Samuel Sanchez summed it up best in the BMC press release for Stage 20 to Ancares;
“To understand how was hard it was, you only have to look at the riders’ faces.”
That was certainly true of Chris Froome, his face ashen, skin tight on his skull, eyes popping, gasping for air like a dying fish.
Not just from the effort but from the disappointment of having burned his Sky team to last match head then given his all, only for Alberto Contador to sit there as cool as a glass of Pimm’s on a summer’s day, soak up all the punishment then put 16 seconds into the Englishman in the last few hundred metres.
To use a Sean Kellyism, the smiling man from Pinto was; ‘moightily impressive.’
Depending on your point of view on these things, the Puerto de Ancares was either a fitting and symbolic ‘high’ to mark the end of the race’s climbing days, or, as young IAM rider, Marcel Aregger said;
“A final climb like I have never seen before – it was pure madness!”
We can rest assured that VV’s answer to Nostradamus, Viktor will be with Aregger on that one.
But back to Froome, there can be little but admiration for the way he attacked and attacked again but whilst it’s easy to be a ‘SDS’ – that’s ‘sofa director sportif’ – maybe he shouldn’t have committed his boys from quite so far out?
It would have been better to have more support at the death, surely?
But he tried hard and gave us a great race.
Fourth placed Joaquin Rodriguez is being criticised for his attack on Ancares; but again, he rode, he tried, he didn’t just sit there and wait on the inevitable Froome/Contador grapple to the death from which he was always going to get shelled.
Of the three ‘Bigs’ who sustained injuries earlier in the season – along with Contador and Froome – the little Catalan is the one who has found it toughest to get back to full fitness.

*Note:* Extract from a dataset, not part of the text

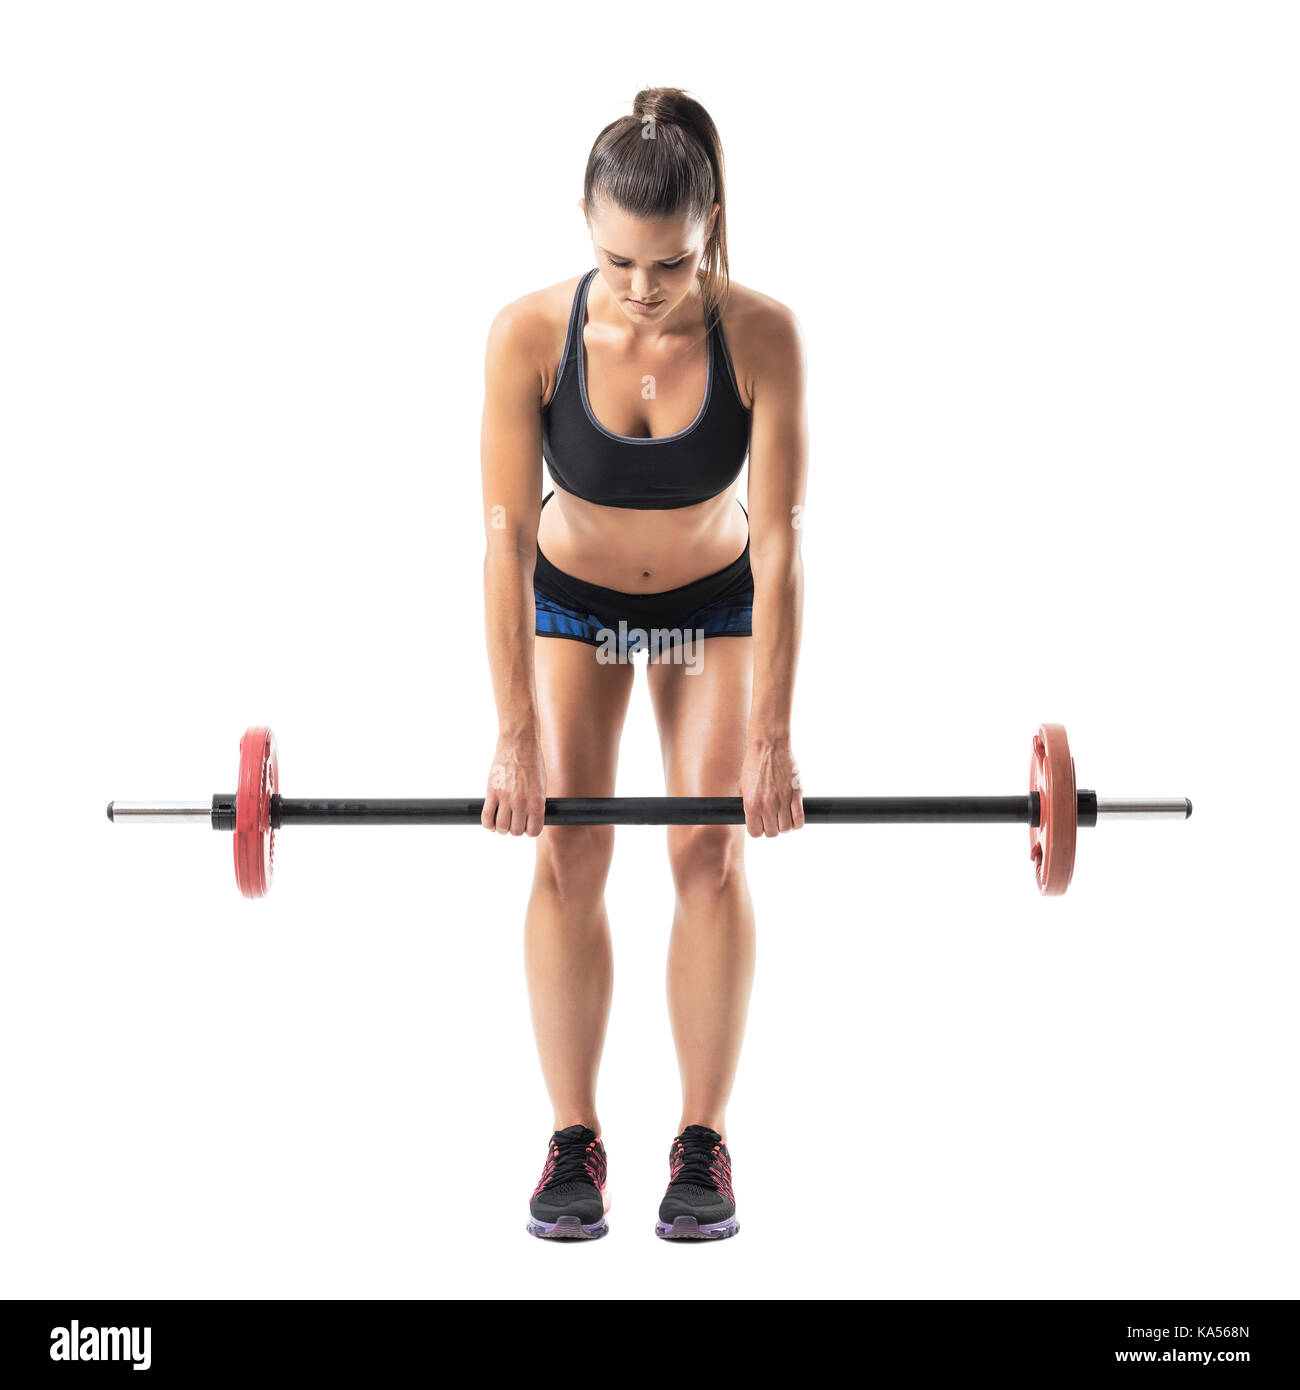 Front view of bent female athlete doing dead lift exercise with barbell looking down. Full body length portrait isolated on white studio background. Stock Photo

As we say in Scotland; ‘old age doesn’t just come on it’s own…
Valverde defended the sixth Vuelta podium placing of his long career and whilst he bears the stigma of ‘bad doper’ because there’s been no remorse filled book/tearful confession or ride with Saint Jonathan’s Garmin, you have to respect the man – he’s a bike racer.
His season isn’t just about one or two three week periods.
He opened the year with victories in the prologue, two stages and the GC in the Ruta Del Sol; then there was the Tour of Murcia, Lazio, GP Indurain, Fleche Wallonne, the Spanish TT Champs, fourth in le Tour and San Sebastian.
This Vuelta has yielded a TTT and individual stage win, a spell in the red leader’s jersey and (God willing in Santiago) Valverde’s sixth appearance on a Vuelta final podium – quality.
Astana’s Aru confirmed that he’s an exciting prospect for the future with his two stage wins but, as in the Giro the tank was rapidly draining on the last day, however he fought and fought up Ancares finishing totally drained but conserving fifth on GC.
Oviedo man Sammy Sanchez has to be due a round of applause, a rider who we thought might be past ‘sell by’ rode a good race for sixth spot on GC – albeit he’s in a different Vuelta from the first five, some six minutes behind Aru and ten behind Contador.
Last words then must go to Alberto Contador – there’s little left for us say except that this Vuelta confirms him as one of the all time great stage racers.
Apparently I’m not supposed to mention that he came back from being ‘close to death’ – too close to Lance’s story, I’m told – but the fact is that he did, curled in a ball on the hard roads of the 2004 Vuelta a Asturias with blood seeping from his ears.
And on the subject of the The Texas Turd, when Contador was on Astana with Lance in the 2009 Tour the Madrileno not only had to beat all the other teams on the race, he had to fend off half of his own squad, too.
Six men in the history of cycle sport have won all three Grand Tours; Jacques Anquetil, Felice Gimondi, Eddy Merckx, Bernard Hinault, Vincenzo Nibali and Alberto Contador – enough said.
And even though the race is won, I still wish I was going to be in Santiago de Compostella, this night.